Configuration¶
PyODPS provides a series of configuration options, which can be obtained through odps.options
. Here is a simple example:
from odps import options
# configure lifecycle for all output tables (option lifecycle)
options.lifecycle = 30
# handle string type as bytes when downloading with Tunnel (option tunnel.string_as_binary)
options.tunnel.string_as_binary = True
# get more records when sorting the DataFrame with MaxCompute
options.df.odps.sort.limit = 100000000
The following lists configurable MaxCompute options:
General configurations¶
Option | Description | Default value |
---|---|---|
endpoint | MaxCompute Endpoint | None |
default_project | Default project | None |
logview_host | LogView host name | None |
logview_hours | LogView holding time (hours) | 24 |
local_timezone | Used time zone.
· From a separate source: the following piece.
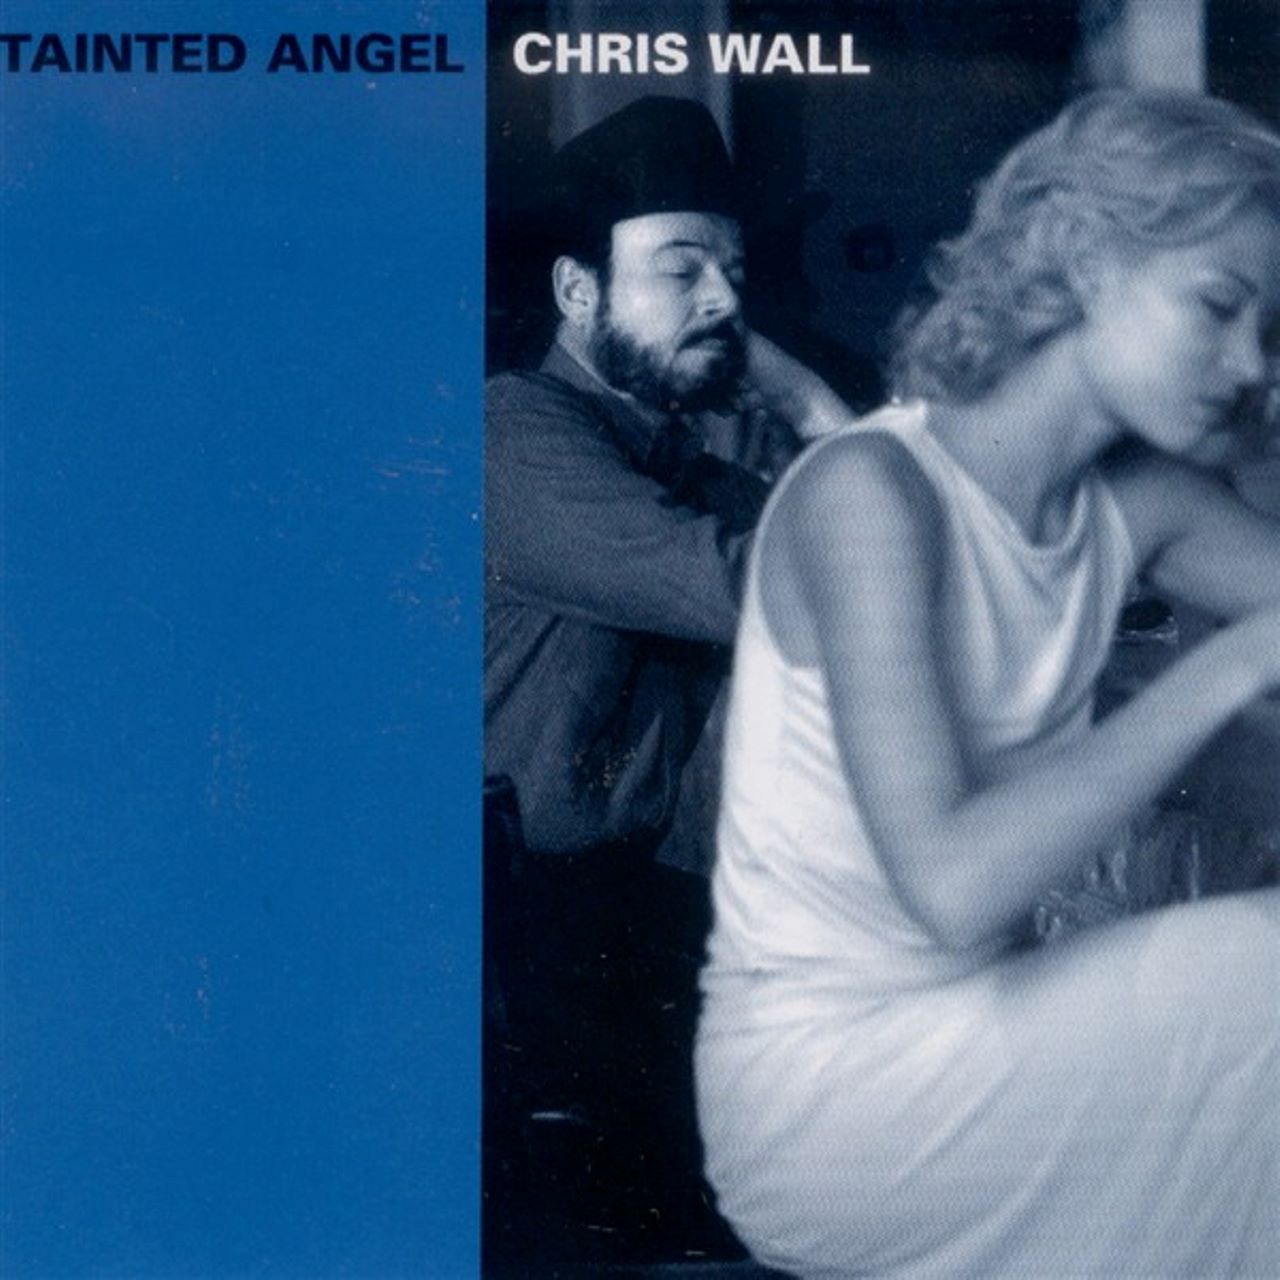 Chris Wall - Tainted Angel cover album

None indicates that PyODPS takes no actions, True indicates local time, and False indicates UTC. The time zone of pytz package can also be used. | None |
lifecycle | Life cycles of all tables | None |
verify_ssl | Verify SSL certificate of the server end | True |
temp_lifecycle | Life cycles of temporary tables | 1 |
biz_id | User ID | None |
verbose | Whether to print logs | False |
verbose_log | Log receiver | None |
chunk_size | Size of write buffer | 1496 |
retry_times | Request retry times | 4 |
pool_connections | Number of cached connections in the connection pool | 10 |
pool_maxsize | Maximum capacity of the connection pool | 10 |
connect_timeout | Connection time-out | 120 |
read_timeout | Read time-out | 120 |
api_proxy | Proxy address for APIs | None |
data_proxy | Proxy address for data transfer | None |
completion_size | Limit on the number of object complete listing items | 10 |
display.notebook_widget | Use interactive plugins | True |
sql.settings | Global hints for MaxCompute SQL | None |
sql.use_odps2_extension | Enable MaxCompute 2.0 language extension | None |
sql.always_enable_schema | Enable Schema level under any scenario | None |
Data upload/download configurations¶
Option | Description | Default value |
---|---|---|
tunnel.endpoint | Tunnel Endpoint | None |
tunnel.use_instance_tunnel | Use Instance Tunnel to obtain the execution result | True |
tunnel.limit_instance_tunnel | Limit the number of results obtained by Instance Tunnel | None |
tunnel.string_as_binary | Use bytes instead of unicode in the string type | False |
DataFrame configurations¶
Option | Description | Default value |
---|---|---|
interactive | Whether in an interactive environment | Depend on the detection value |
df.analyze | Whether to enable non-MaxCompute built-in functions | True |
df.optimize | Whether to enable DataFrame overall optimization | True |
df.optimizes.pp | Whether to enable DataFrame predicate push down optimization | True |
df.optimizes.cp | Whether to enable DataFrame column tailoring optimization | True |
df.optimizes.tunnel | Whether to enable DataFrame tunnel optimization | True |
df.quote | Whether to use `` to mark fields and table names at the end of MaxCompute SQL | True |
df.libraries | Third-party library (resource name) that is used for DataFrame running | None |
df.supersede_libraries | Use uploaded package resource to supersede the version provided by MaxCompute | True |
df.odps.sort.limit | Limit count when sort is performed |
10000 |